[Start of section]
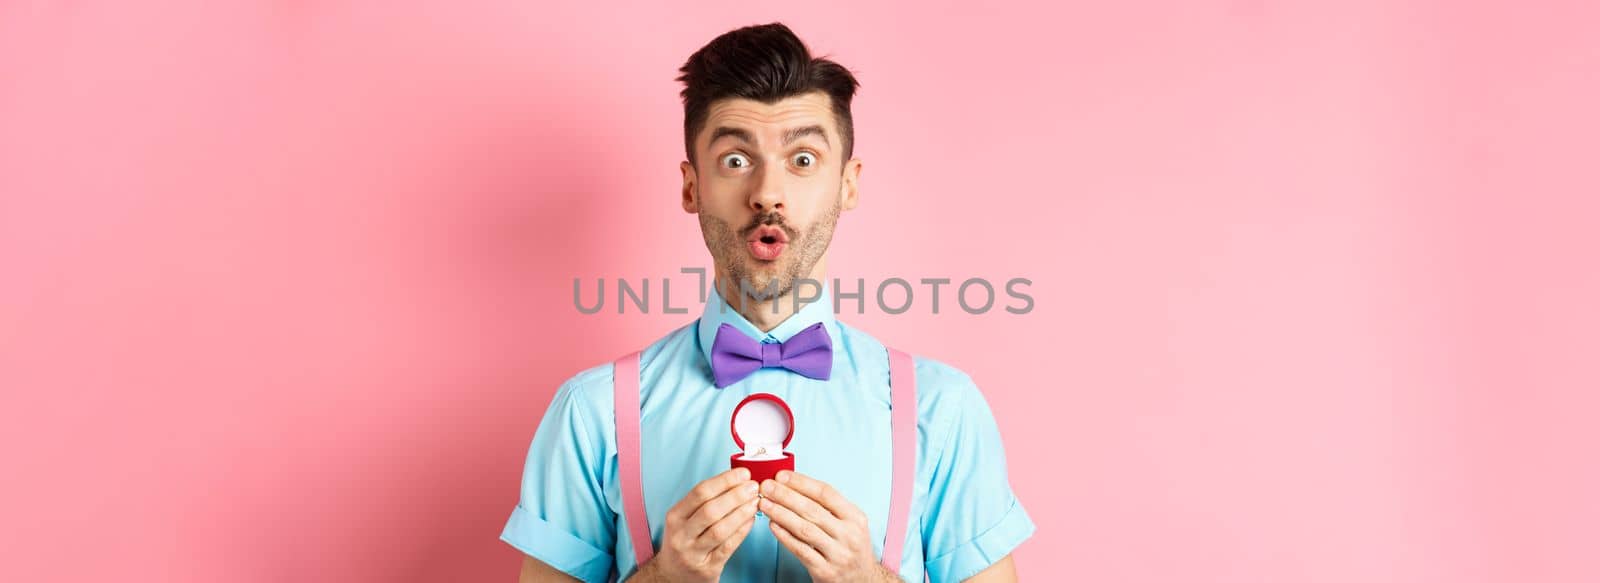 Valentines day. Funny man with moustache and bow-tie, looking excited and showing engagement ring, asking girlfriend to marry him, standing over pink background.
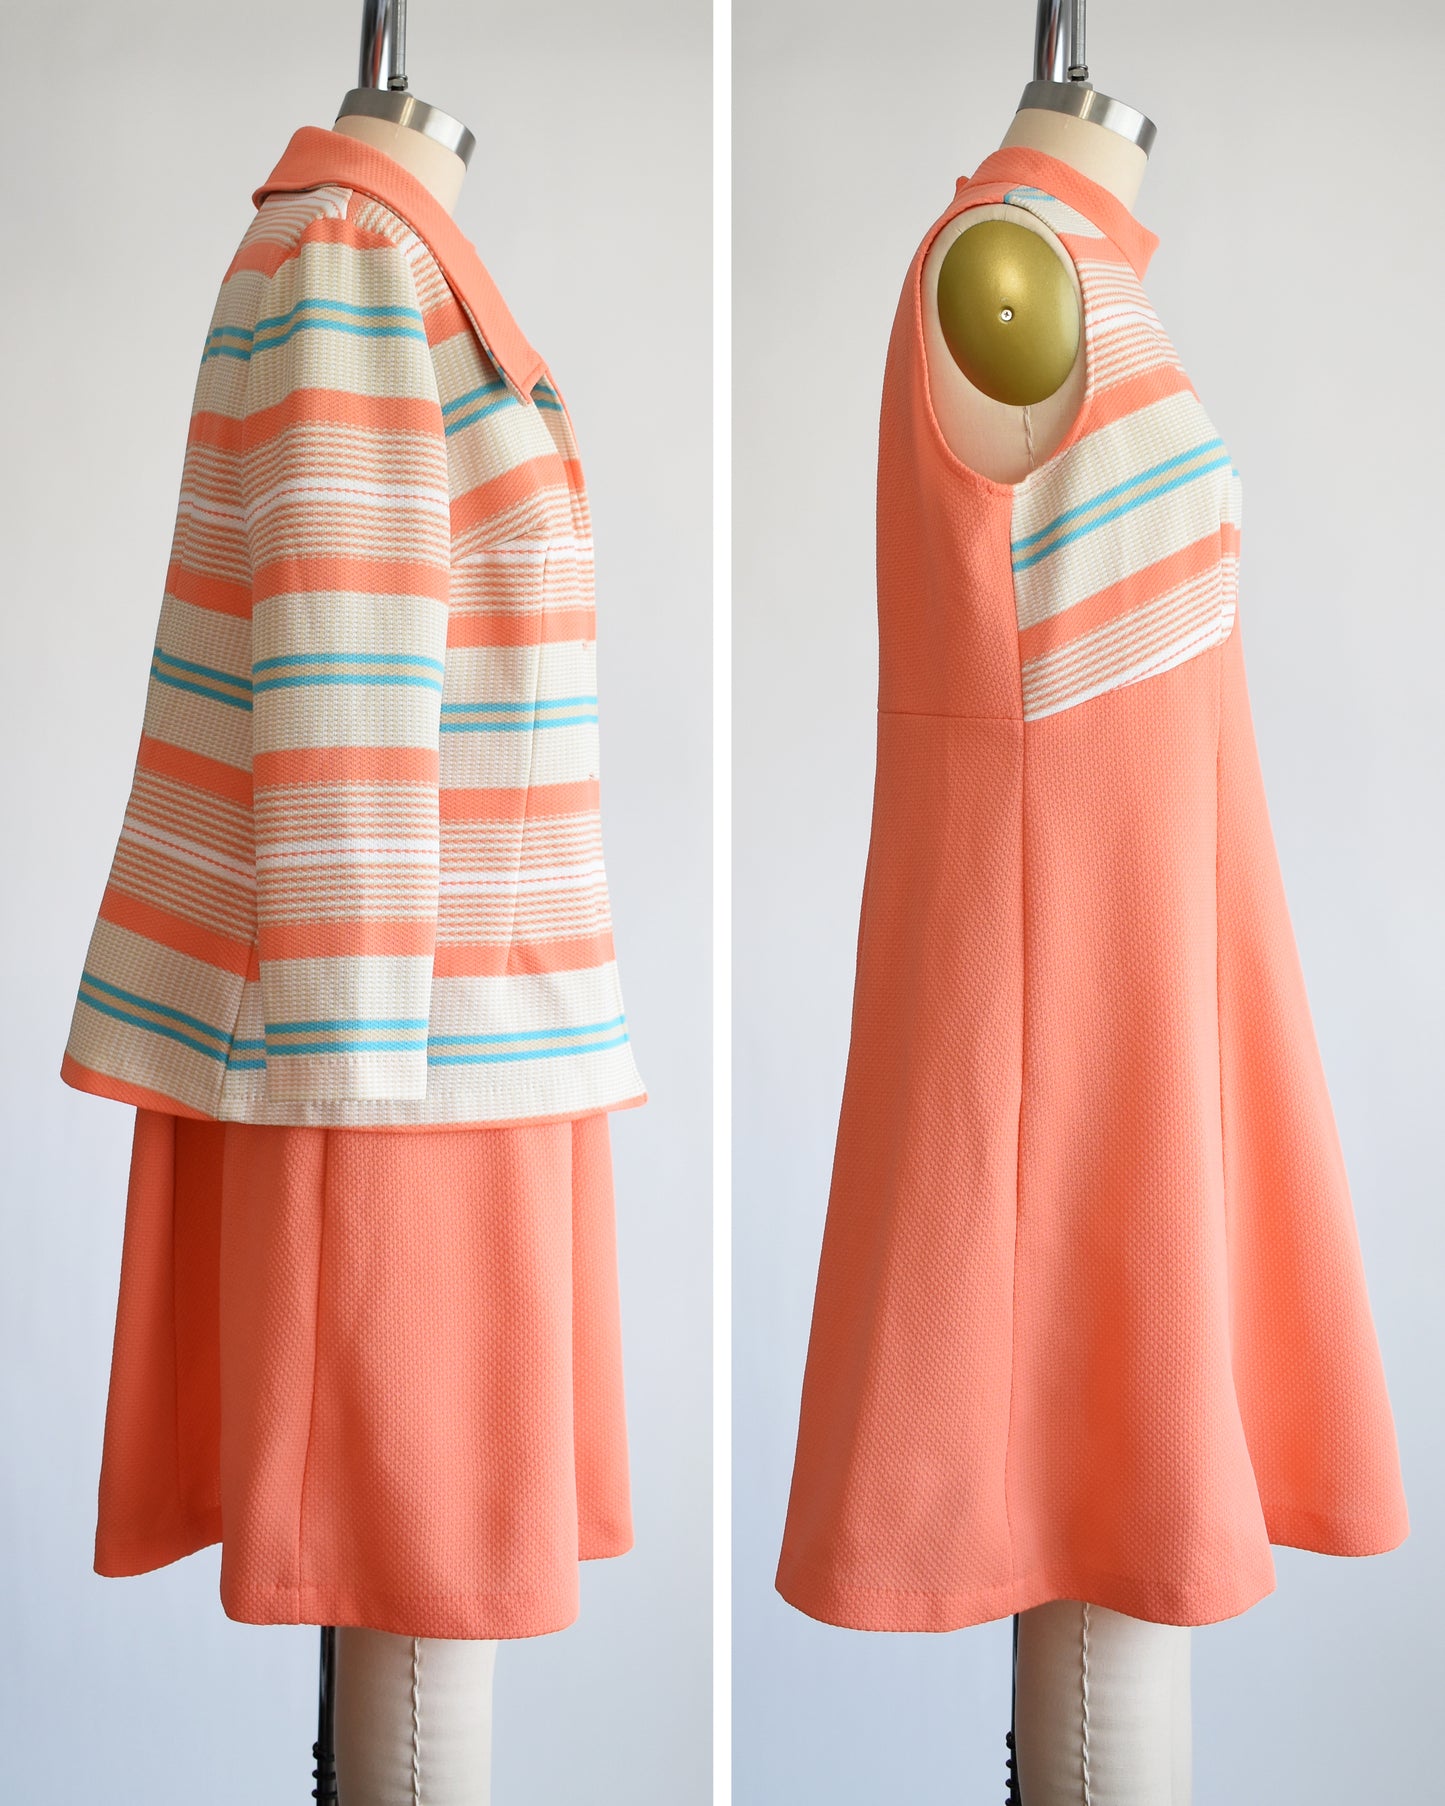 Side by side view of the side of a vintage 1970s peach and blue mod dress set. The left shows the set with the jacket and the right photo shows only the dress
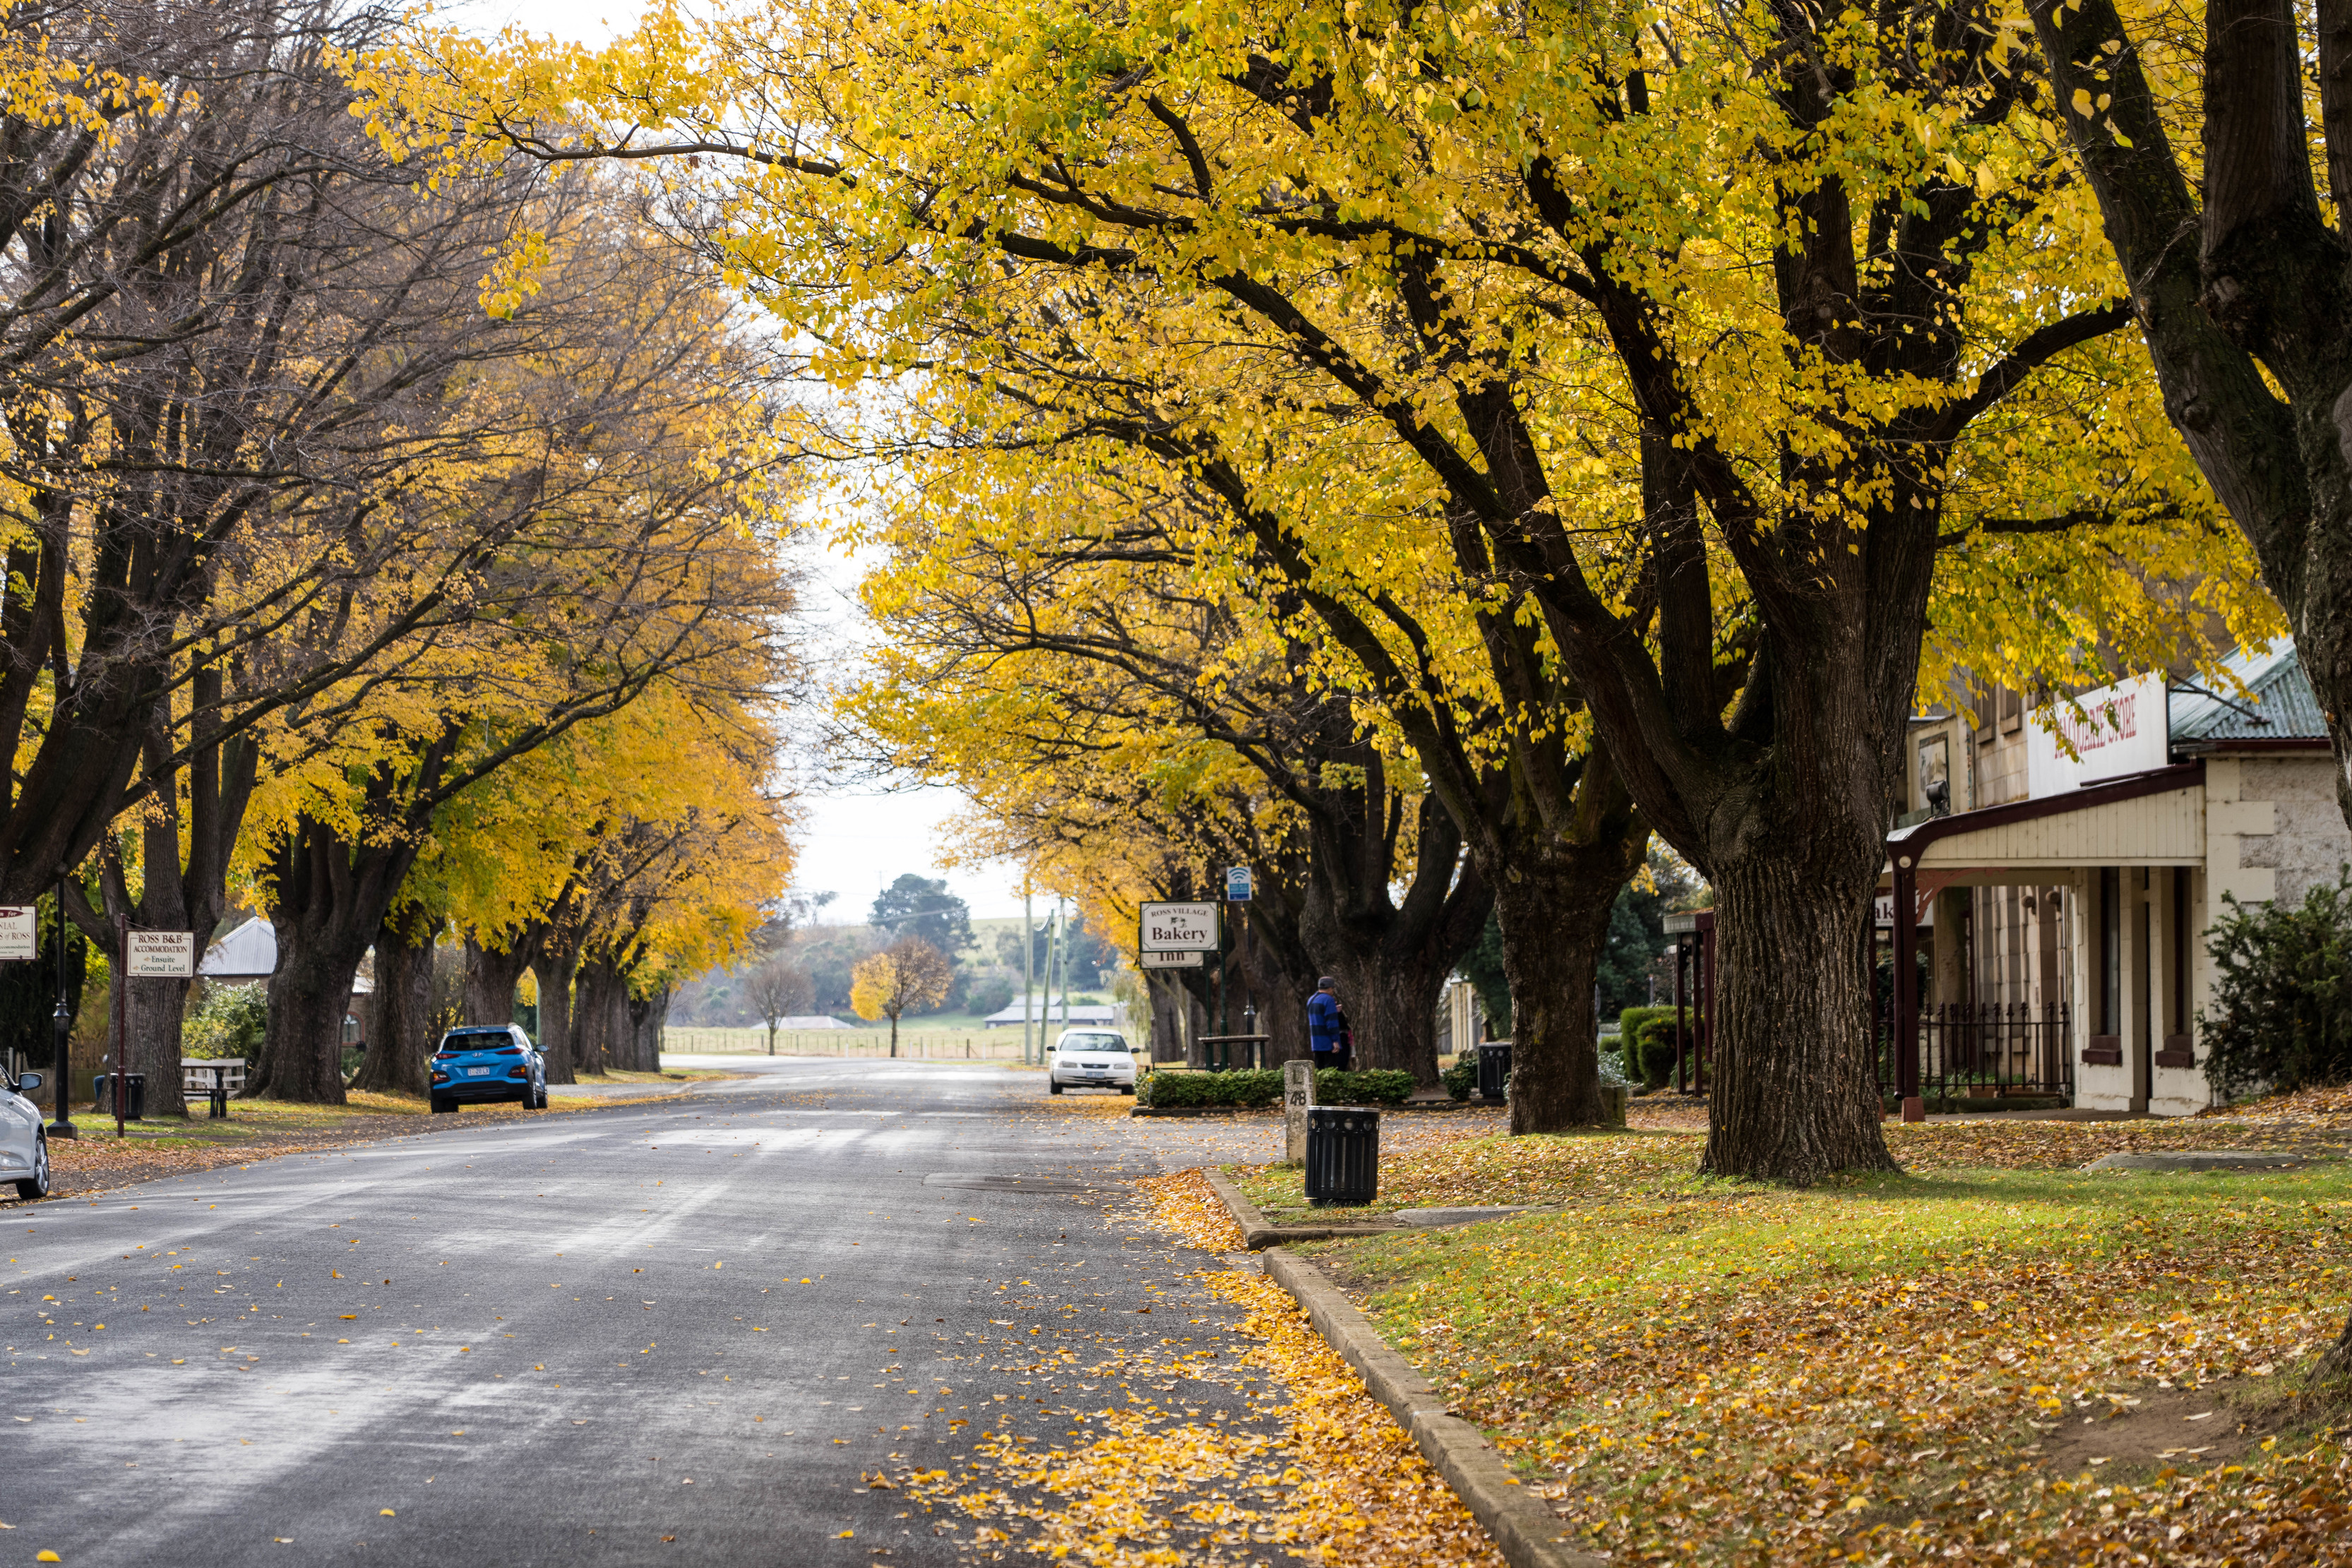 Beautiful autumn colours fill Church Street, in Ross. Large yellow trees line down the street.
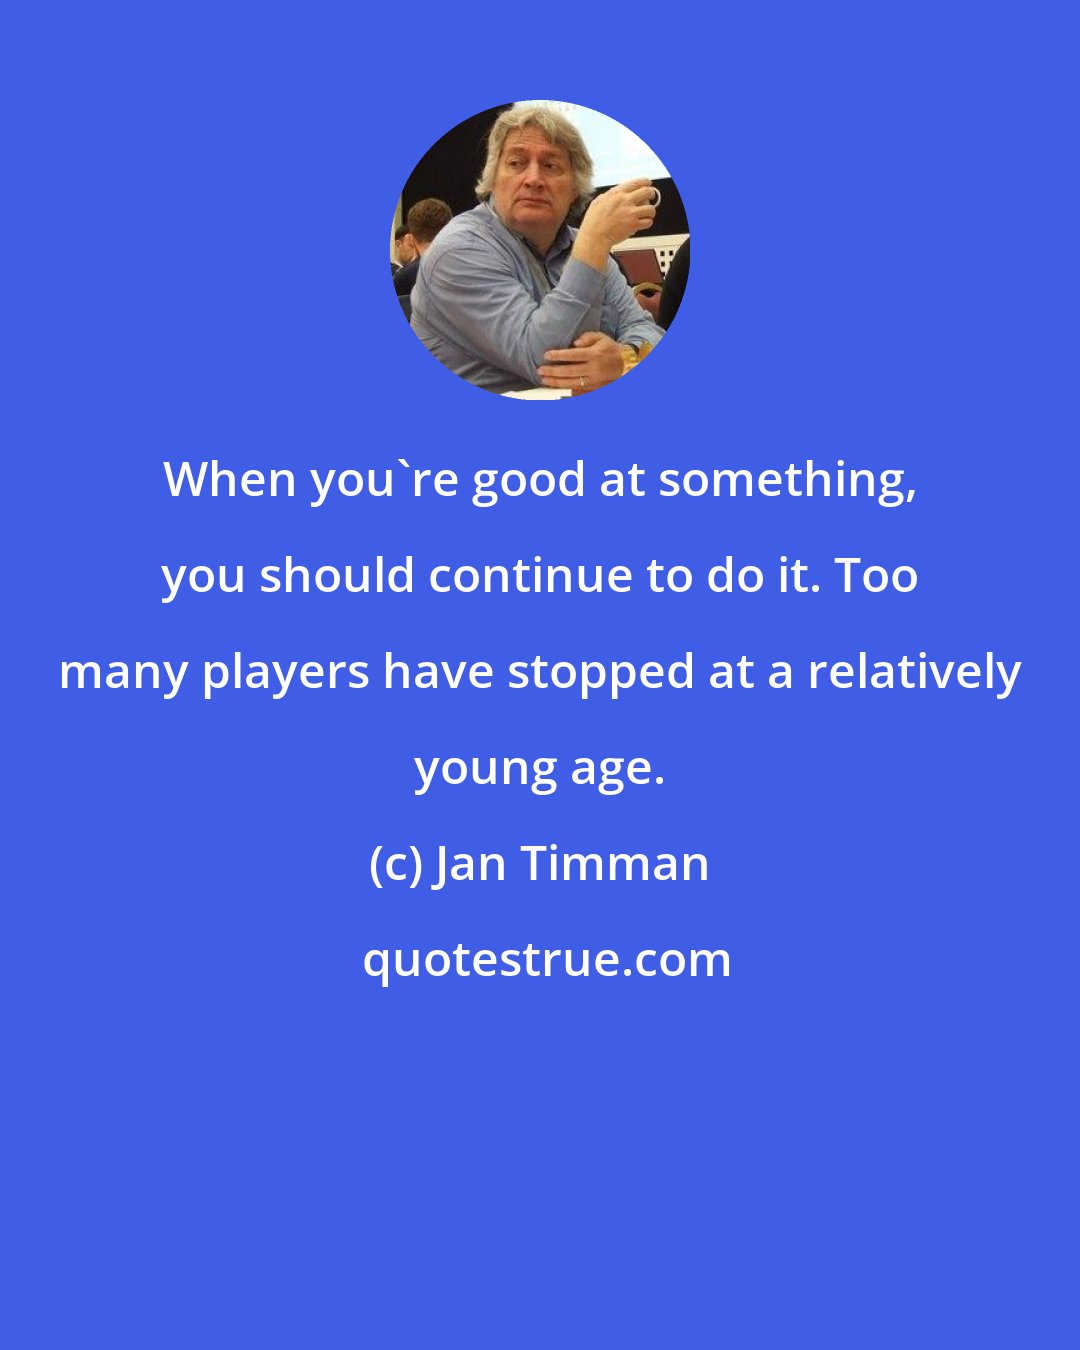 Jan Timman: When you're good at something, you should continue to do it. Too many players have stopped at a relatively young age.
[End of section]
* Exercise brief *
An exact reproduction of the material above is needed, without its pictures.

* Reply *
 Valentines day. Funny man with moustache and bow-tie, looking excited and showing engagement ring, asking girlfriend to marry him, standing over pink background.
 Side by side view of the side of a vintage 1970s peach and blue mod dress set. The left shows the set with the jacket and the right photo shows only the dress
 Beautiful autumn colours fill Church Street, in Ross. Large yellow trees line down the street.
 Jan Timman: When you're good at something, you should continue to do it. Too many players have stopped at a relatively young age.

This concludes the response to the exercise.